§ Provided material
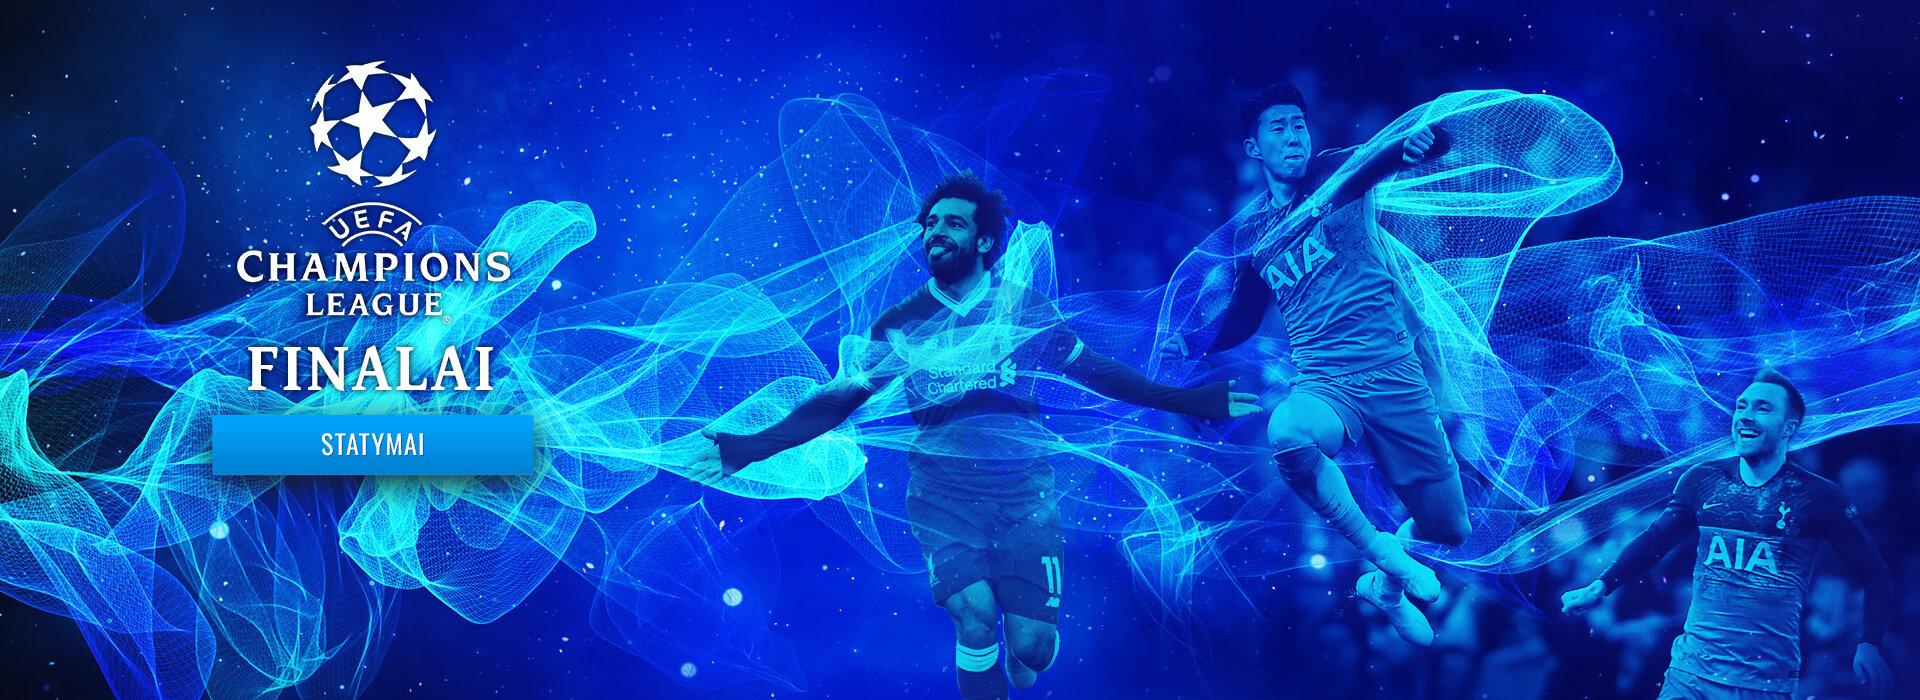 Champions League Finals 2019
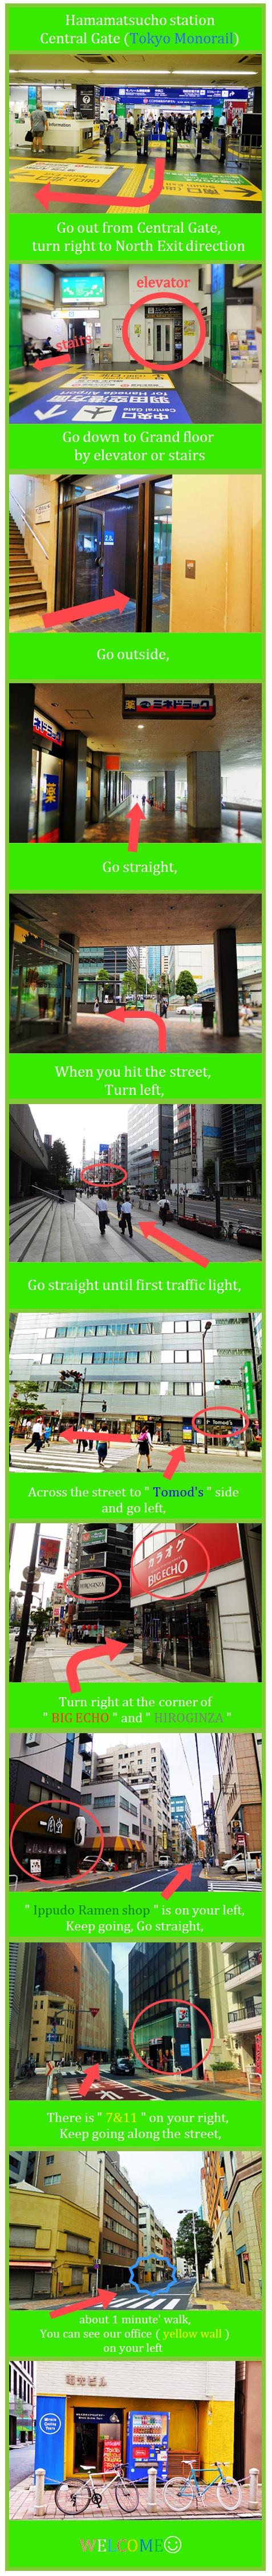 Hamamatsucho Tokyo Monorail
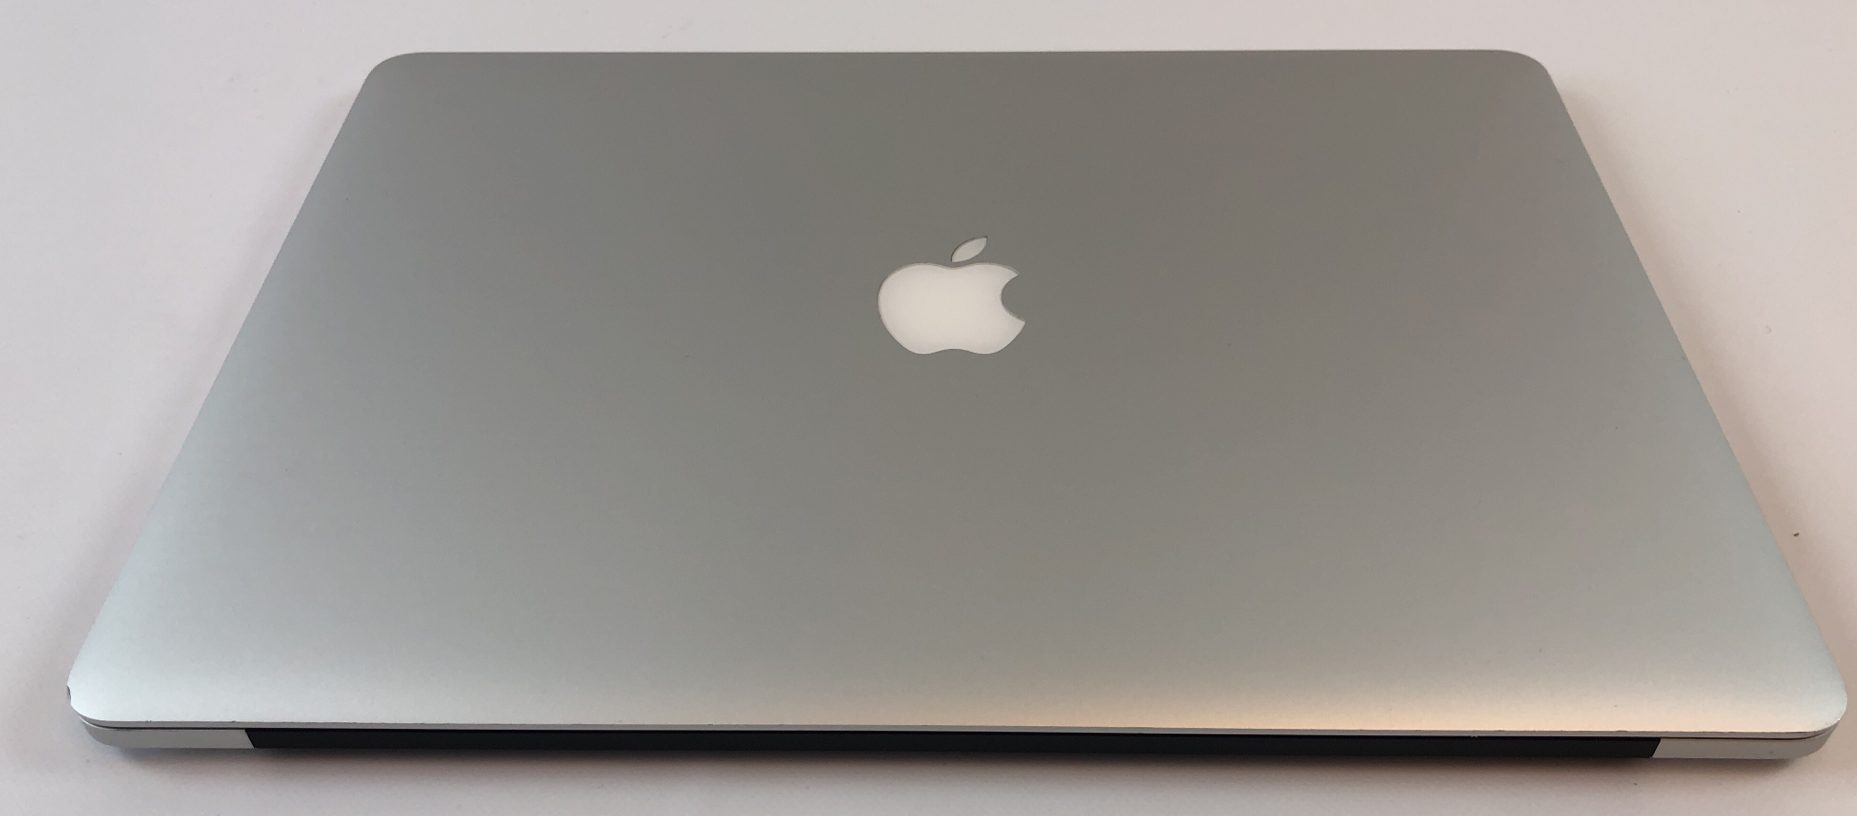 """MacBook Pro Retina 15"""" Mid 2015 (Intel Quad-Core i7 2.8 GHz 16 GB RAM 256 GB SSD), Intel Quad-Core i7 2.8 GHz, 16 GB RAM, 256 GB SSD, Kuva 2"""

§ Problem description
Please set down every line of the data above precisely, dropping the images.

§ Response area
 Champions League Finals 2019
 Hamamatsucho Tokyo Monorail
 """MacBook Pro Retina 15"""" Mid 2015 (Intel Quad-Core i7 2.8 GHz 16 GB RAM 256 GB SSD), Intel Quad-Core i7 2.8 GHz, 16 GB RAM, 256 GB SSD, Kuva 2"""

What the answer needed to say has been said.